Adaptive charging techniques for Li-ion battery using Reinforcement Learning
Abstract
Li-ion batteries have become a promising technology in recent years and are used everywhere from low-end devices like mobile phones to high-end ones like electric vehicles. In most applications, the discharge of a battery is user-dependent unlike the charging process, which can be optimized. The research in literature is more focused on identifying the techniques that fully charges the battery with no initial charge for different optimum criteria like charging time, temperature rise, and energy loss. But those are not strictly applicable for real-life scenarios, where the charging process rarely starts with zero initial state of charge (SOC). Also, based on the specific requirements there might be time constraints for charging. Considering the above requirements, the key objective of this dissertation is to obtain a charging profile that maximizes the charge gain for any arbitrary initial SOC within a specific time-limit. To solve this objective, reinforcement learning (RL) and multi-stage-constant-current are chosen for adaptive and generalized charging of Li-ion batteries. We have used the deep deterministic policy gradient which is one of the popular RL algorithms. The algorithm is used because of its ability to perform well in continuous state-action spaces and partially observable environments. Incorporating reinforcement learning to find optimal charging profile will open up the gate for a lot of potential high-end applications of Li-ion batteries.
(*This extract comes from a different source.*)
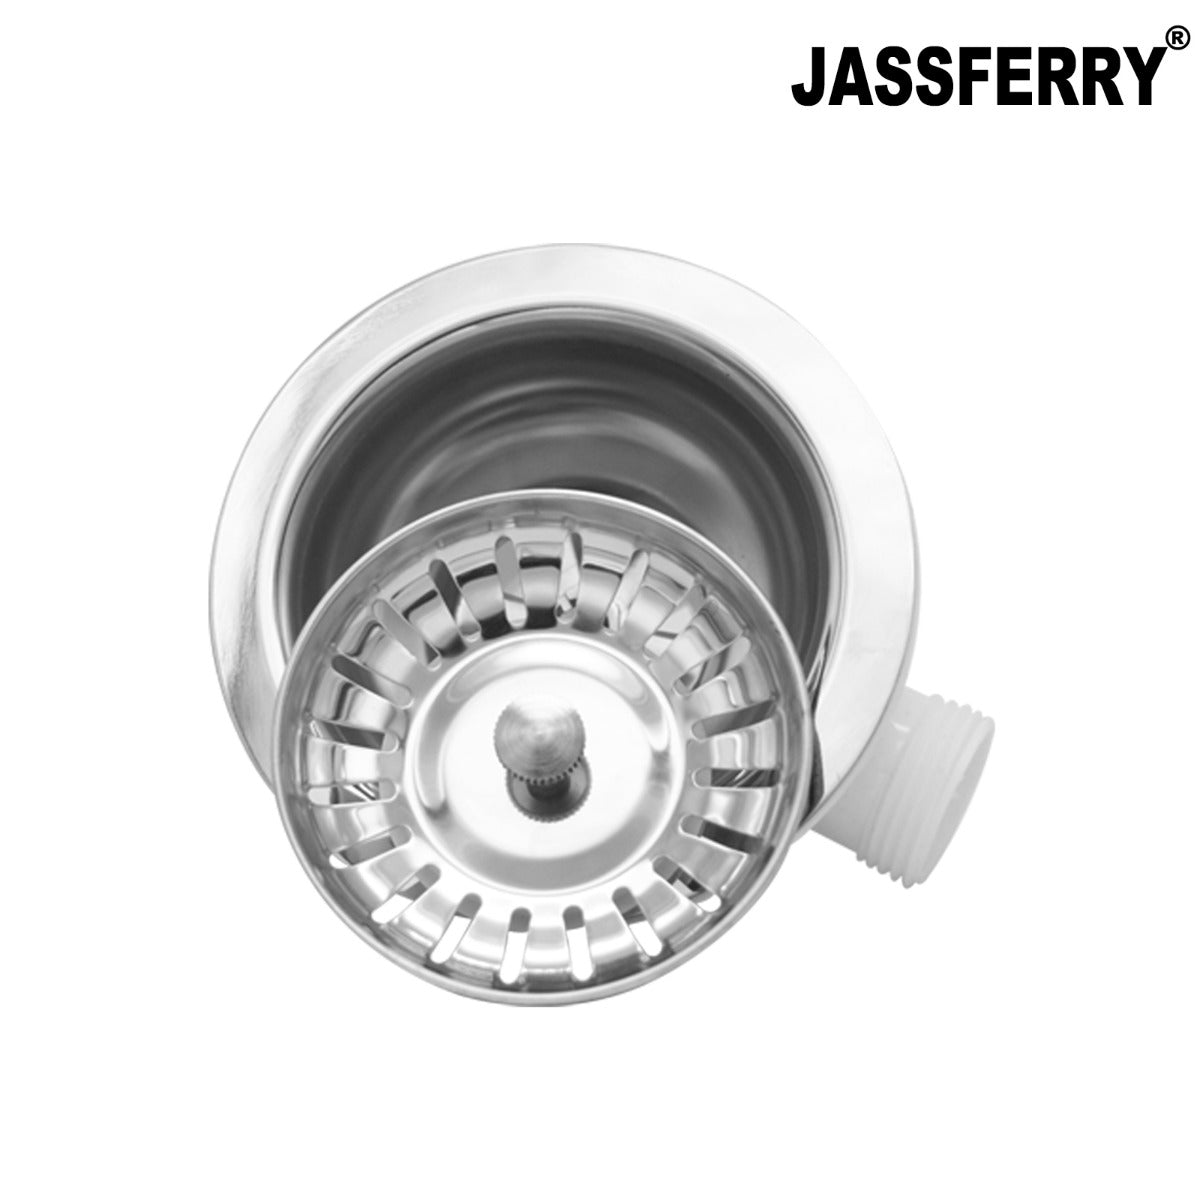 JassferryJASSFERRY Single 1 Bowl Kitchen Sink Waste Strainer White Pipes KitPipes Kit

The Li-ion battery is modeled by an equivalent RC circuit that is served as an environment for the algorithm. Initially, we have considered a naive model, where the initial SOC, and charging time-limit are fixed. The model is built using Simulink software with appropriate state, reward and action functions, and the charging profile is obtained that maximizes charge-gain. The hyperparameters are analyzed and tuned accordingly to train the agent. The obtained results are compared with the simulated standard constant-current-constant-voltage charging method, considered as the baseline model. The model is then integrated to accommodate the different initial SOCs. Two methods viz., selective and generic policy approaches are proposed to train the agent and further deployed for varying initial SOCs. From experiments, it is observed that the generic policy approach performs consistently better for different initial SOCs. The model is also trained for different charging time-limits and the performances are analyzed. The model is further extended to minimize energy loss by considering the appropriate reward function.
The proposed generic model performs significantly better for low initial SOC and almost at par with the baseline model for higher initial SOCs when charged for half an hour. For lower charging time-limits, the model always performs better irrespective of initial SOC. The proposed model is also robust to the frequency of communication between the battery management system and smart charger.